As enters its sixth series, what is left to explore, writes
THERE was a time long ago when the sexy, gory pay-TV series True Blood was about the uneasy coexistence of humans and vampires.
OK, maybe there were one or two other supernatural elements thrown in to add a little spice – the occasional mindreader, the odd shape-shifter – but mostly it was all about the bloodsuckers.
Not anymore, it would appear. As the sixth season of the series prepares to get under way on pay-TV’s Showcase channel, viewers have been treated to an ever-expanding circle of mystical, monstrous characters, including witches, werewolves and fairies.
All the while, the show has walked a fine line between heightened melodrama and social analogy, using its fantastical elements to explore real-world issues such as religion, racism, drug addiction and the struggle for equal rights by marginalised sections of society.
Oh, and there’s also a lot of goodlooking, well-built people in various stages of undress. Which isn’t without its appeal, right?
The end of True Blood’s previous season resolved a few storylines but also set many more in motion, especially with the vampiric Bill (Stephen Moyer, who also directs the sixth season’s first episode) draining every last drop of blood from the powerful Lilith (Jessica Clark), only to be reduced to a crimson puddle and reborn as some kind of terrible hybrid (which fans of the show have already cleverly nicknamed Billith).
Series creator Alan Ball was sensibly keeping hush-hush about what this development may entail for the character or his relationship with Sookie (Anna Paquin).
‘‘Who’s to say what Lilith really is?’’ he says. ‘‘Bill is still Bill but he is something different . . . a transformed Bill. Is he going to be evil? What does he want? What is he going to do? That’s for future seasons. The implication, certainly, is he is more ferocious.’’
That Alan Ball, such a tease. One thing he would confirm, however, was that the course of true love – or anything, really – in the Louisiana town of Bon Temps isn’t set to run smoothly any time soon.
‘‘Well, here’s the thing with relationships on True Blood,’’ he says.
‘‘Once they happen then you have to throw a monkey-wrench into them because to have people be happy is not that exciting.’’
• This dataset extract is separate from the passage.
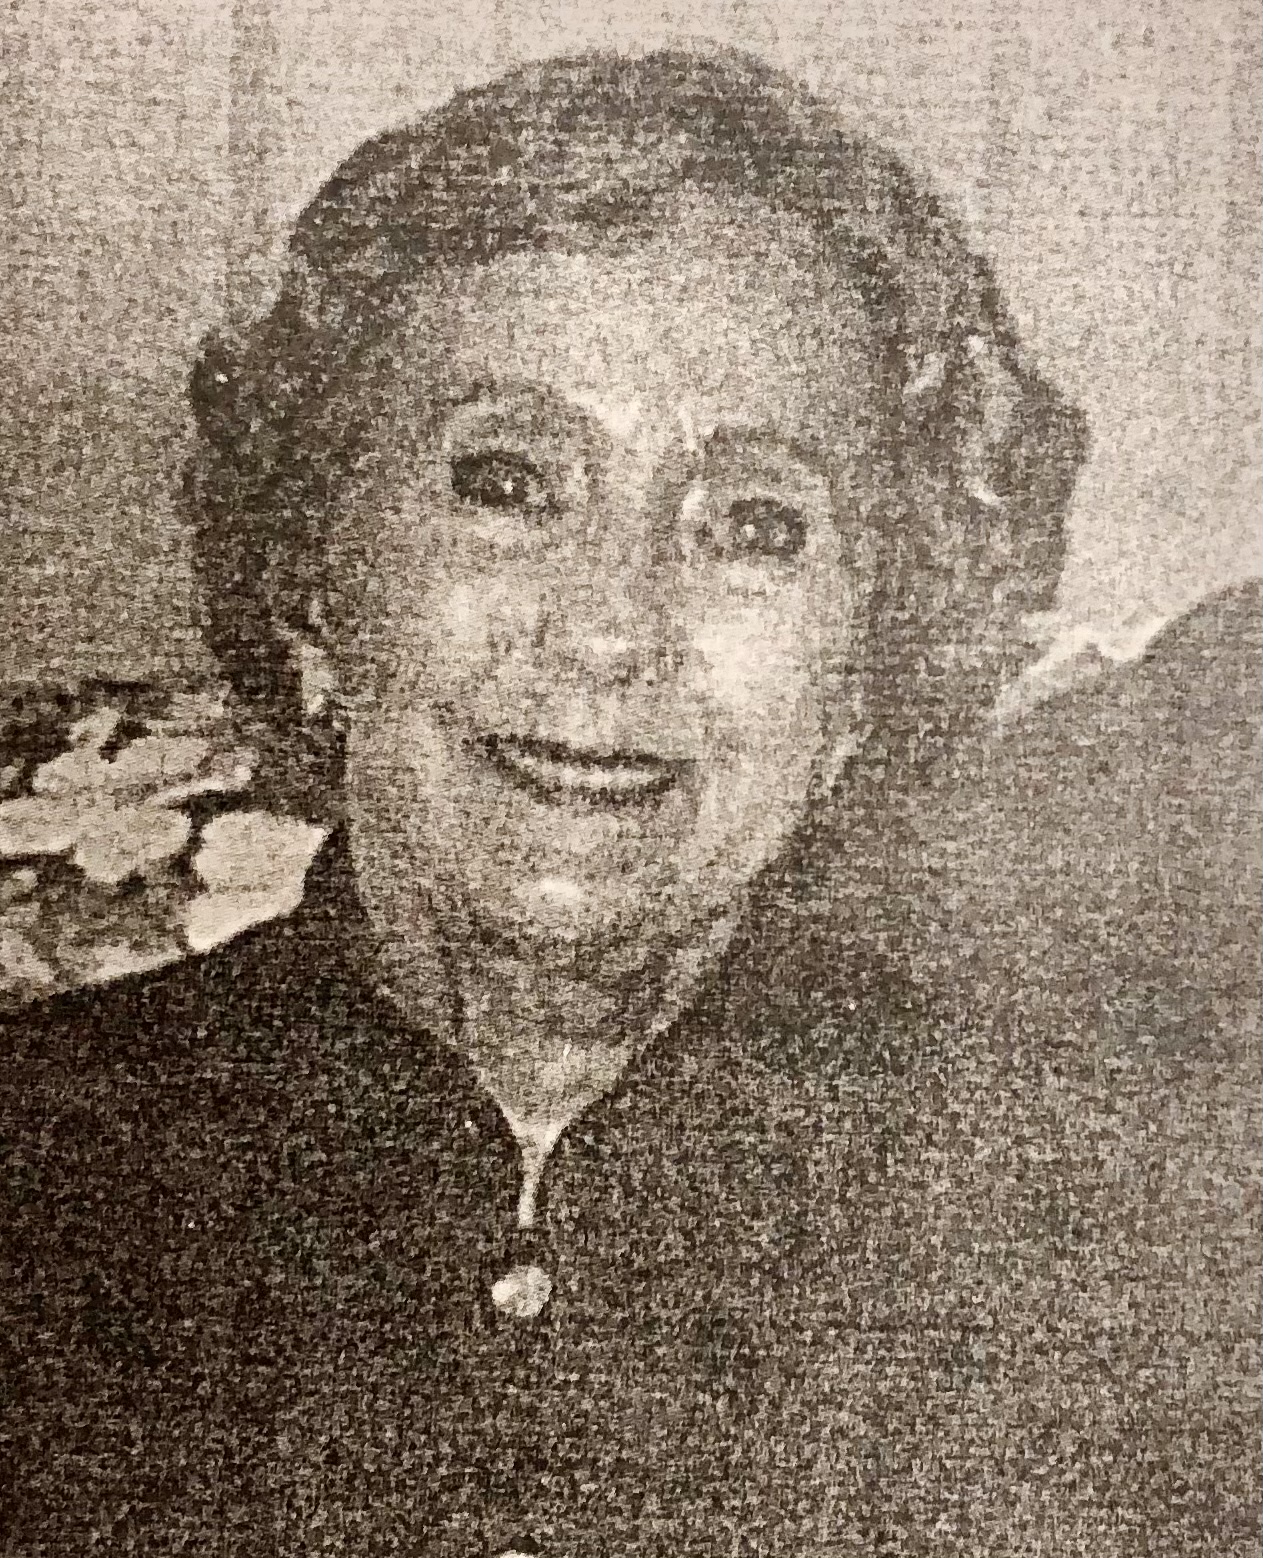 Marian K. Roth

Another certainty is Ball himself won’t be playing as big a role in True Blood’s ongoing storylines. He decided to step away from his showrunner duties at the end of the show’s fifth season, handing over the reins to long-time colleague Mark Hudis.
‘‘It’s bittersweet,’’ Ball admits.
‘‘It’s been such a big part of my life for so long; of course it’s hard to step away. But running that show is such a huge job and I’ve been doing it for five years. I just don’t think I have another season left in me. I need to recharge.’’
He is now looking for a new creative challenge. ‘‘Something with different characters and a different tone,’’ he says.
‘‘As a writer, it’s fun to create. And once you get into a long-running show with very established characters and a very established tone and format, after a while it’s a really great job. But that’s what it is – a job. There are things I want to do that are different. I want to try something completely different.’’
True Blood: Mondays, 3.30pm and 8.30pm, Showcase.